UNITED STATES DISTRICT COURT MIDDLE DISTRICT OF LOUISIANA
Jun 28, 2016
CIVIL ACTION NO. 16-61-JJB-RLB (M.D. La. Jun. 28, 2016)

Opinion

CIVIL ACTION NO. 16-61-JJB-RLB

06-28-2016

ALFRED DEAL v. DEPARTMENT OF CORRECTIONS, ET AL.


RULING

This matter is before the Court on three motions. The first is a Motion to Dismiss for Lack of Subject Matter Jurisdiction (Doc. 13) brought by the defendants, the Louisiana Department of Corrections ("DOC"), Bobby Earl, Orville Lamartiniere, Melvin McDowell, Brian Nettles, and David Voorhies (collectively, "the individual defendants"). As to this motion the plaintiff, Alfred Deal ("Deal"), filed an opposition (Doc. 21). The second is a Motion to Dismiss for Failure to State a Claim (Doc. 15) brought by the defendants. The plaintiff did not file an opposition, nor did he file a request to amend the complaint to cure any deficiencies. The third is a Motion for Partial Summary Judgment (Doc. 18) brought by the individual defendants, to which the plaintiff filed an opposition (Doc. 22). Oral argument is unnecessary. The Court's jurisdiction exists pursuant to 28 U.S.C. § 1331. For the reasons stated herein, the defendants' Motion to Dismiss for Lack of Subject Matter Jurisdiction (Doc. 13) is GRANTED, the defendants' Motion to Dismiss for Failure to State a Claim (Doc. 15) is GRANTED in part and DENIED in part, and the defendants' Motion for Partial Summary Judgment (Doc. 18) is DENIED.

I. BACKGROUND

The following factual allegations are taken from the Complaint (Doc. 1) and are treated as true for purposes of these motions. Ashcroft v. Iqbal, 556 U.S. 662, 678 (2009). The plaintiff, Deal, is an inmate and at all times relevant to this case, was confined at Louisiana State Penitentiary in Angola, Louisiana. See Compl. 2, Doc. 1. The individual defendants were all employees of the DOC, and were responsible for security at the penitentiary. See id. at 2-4.

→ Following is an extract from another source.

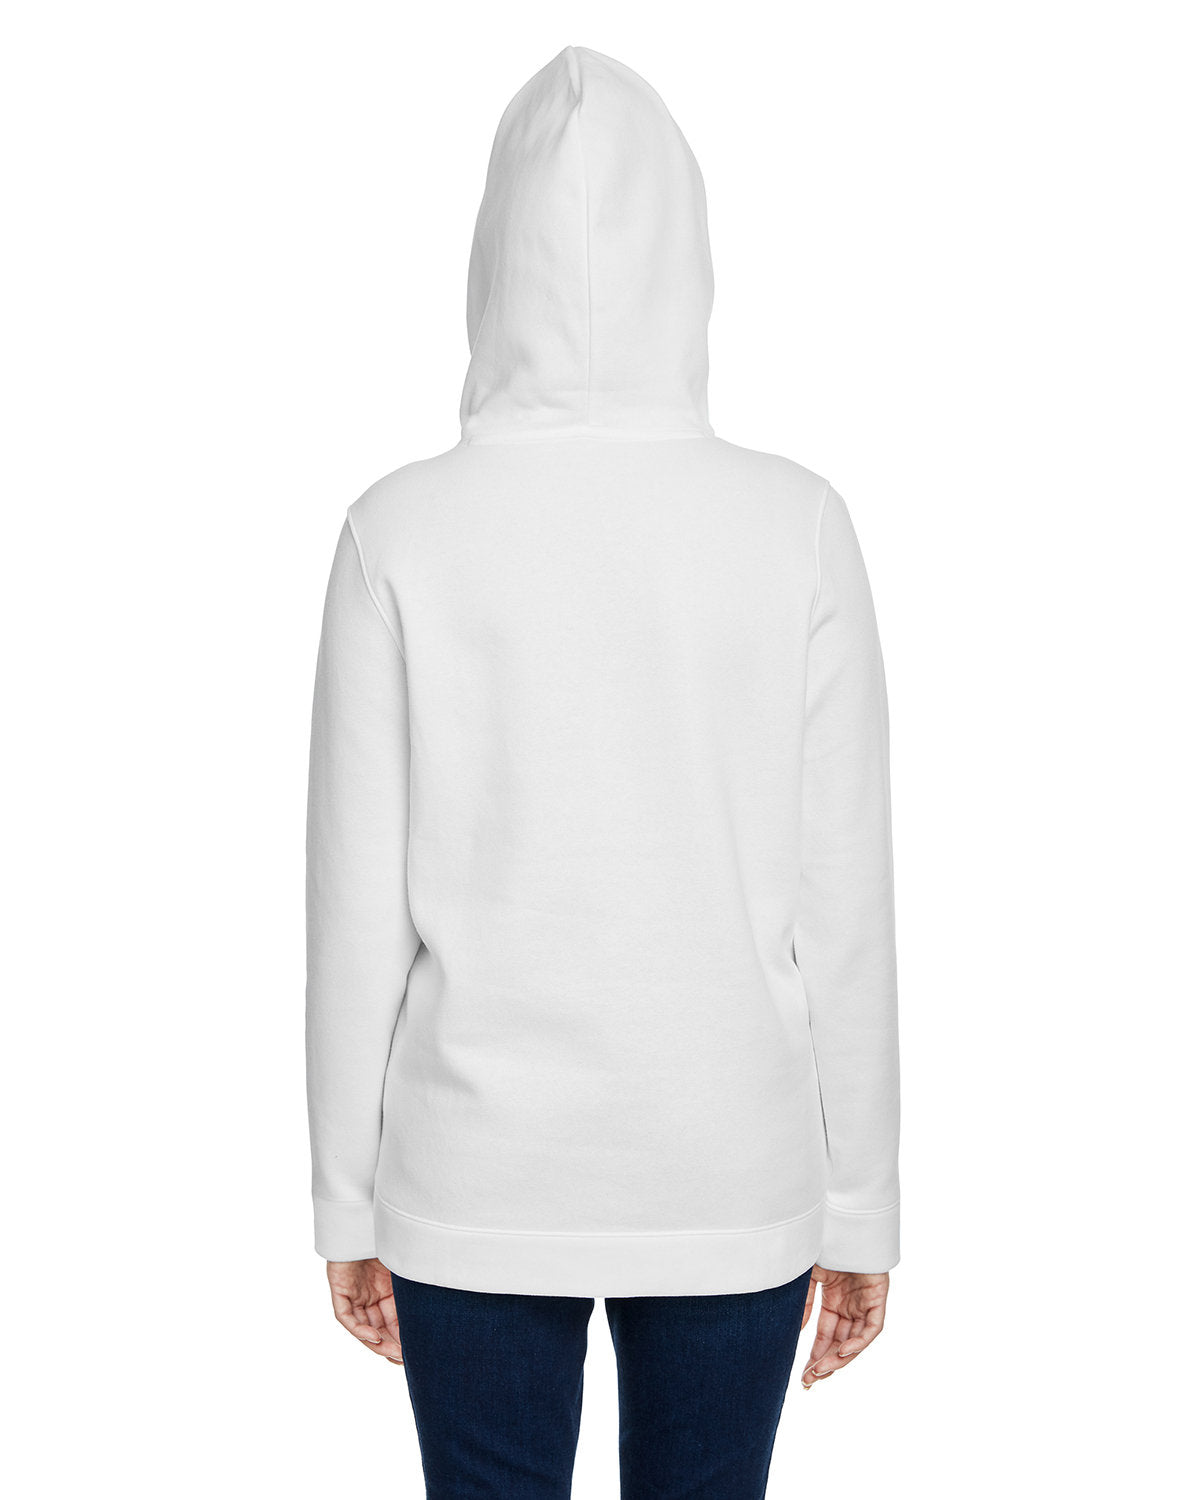 Under Armour Ladies Hustle Pullover Branded Hooded Sweatshirts, White

On December 12, 2012, Deal was violently stabbed all over his body, including his face, head, and hand, by inmate Myles Allen ("Allen"). Id. at 4. Allen was released into the Transitional Unit yard, escaped his restraints with a homemade handcuff key, and attacked Deal with a long-file knife attached to a piece of silver metal. Id. Allen also repeatedly hit Deal's head on the concrete. Id. Immediately following the attack, Deal and Allen were separated by Sergeant Terry LeBlanc ("LeBlanc"). Id. However, due to not having enough security present to restrain him, Allen again began attacking Deal. Id. The attack continued until Colonel Orville Lamartiniere ("Lamartiniere"), Master Sergeant Brian Nettles ("Nettles"), and Lieutenant Melvin McDowell ("McDowell") arrived. Id. Master Sergeant Bobby Earl ("Earl") did not search Allen before releasing him into the Transitional Unit Yard. Id.

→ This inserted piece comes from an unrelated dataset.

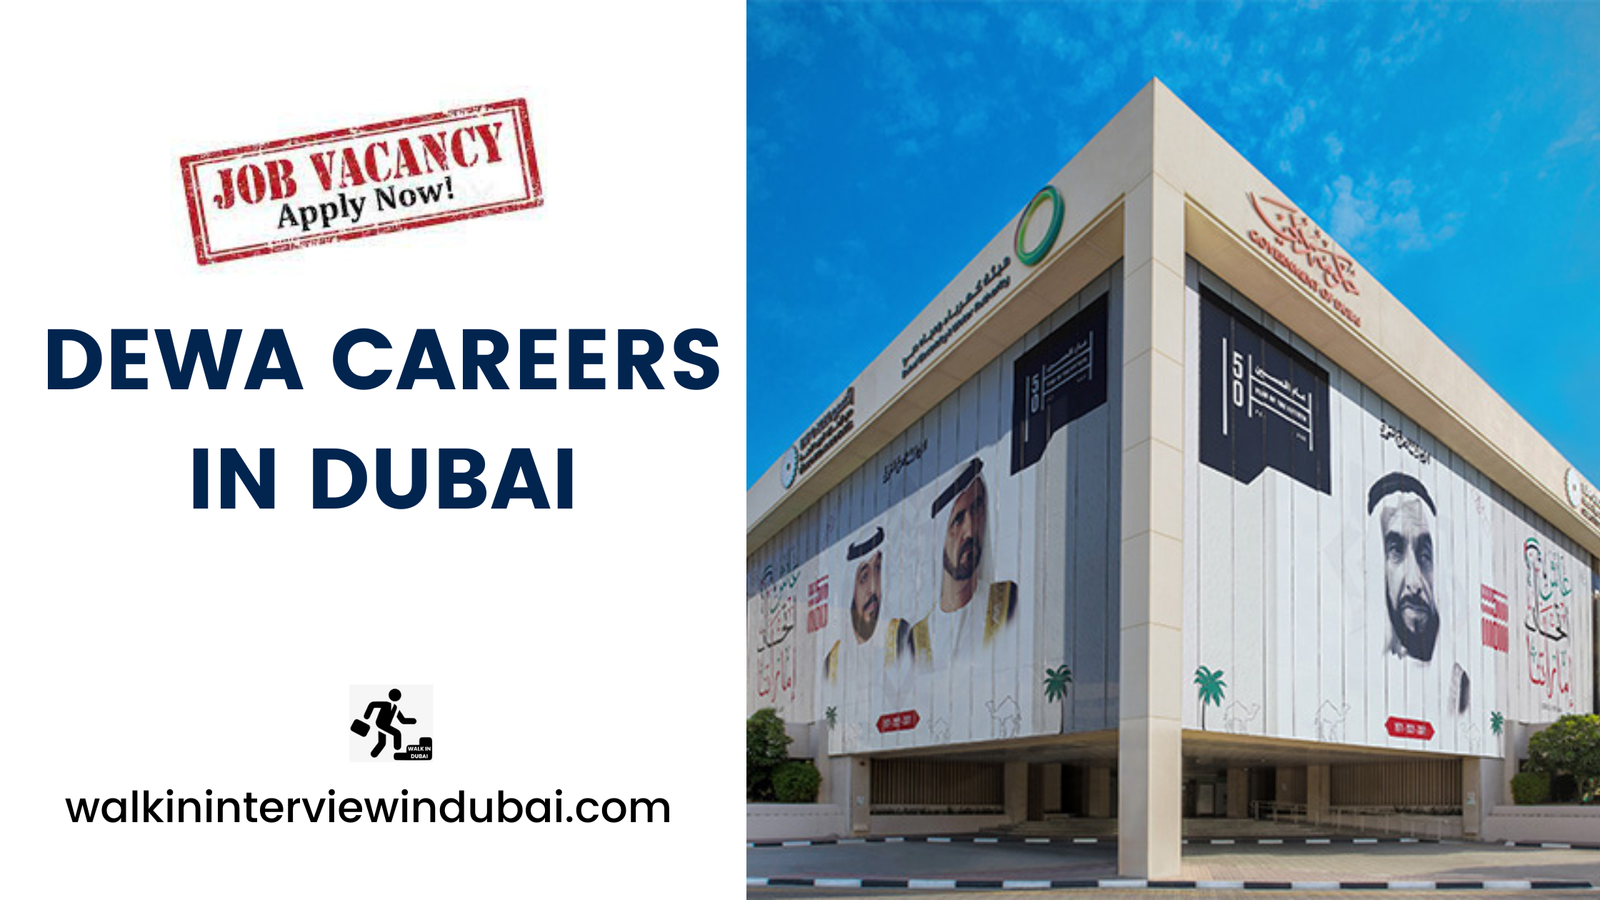 DEWA Careers in Dubai

Following the incident, Warden David Voorhies ("Voorhies") falsified an incident report by stating that Deal was stabbed "with a razorblade sewed to apiece of cardboard when in actuality, he was stabbed with the file knife mentioned above." Id. "This fact was withheld because the only way an inmate could obtain such a file is through the assistance of a guard." Id. Voorhies further falsified the incident report by claiming that LeBlanc noted Deal had come out of his restraints, when in reality Deal "was restrained by waist chains with handcuffs attached as well as ankle chains" throughout the incident. Id. at 5. Deal suffered injuries to his face, head, and hands. Id.

II. MOTION TO DISMISS FOR LACK OF SUBJECT MATTER JURISDICTION (DOC. 13)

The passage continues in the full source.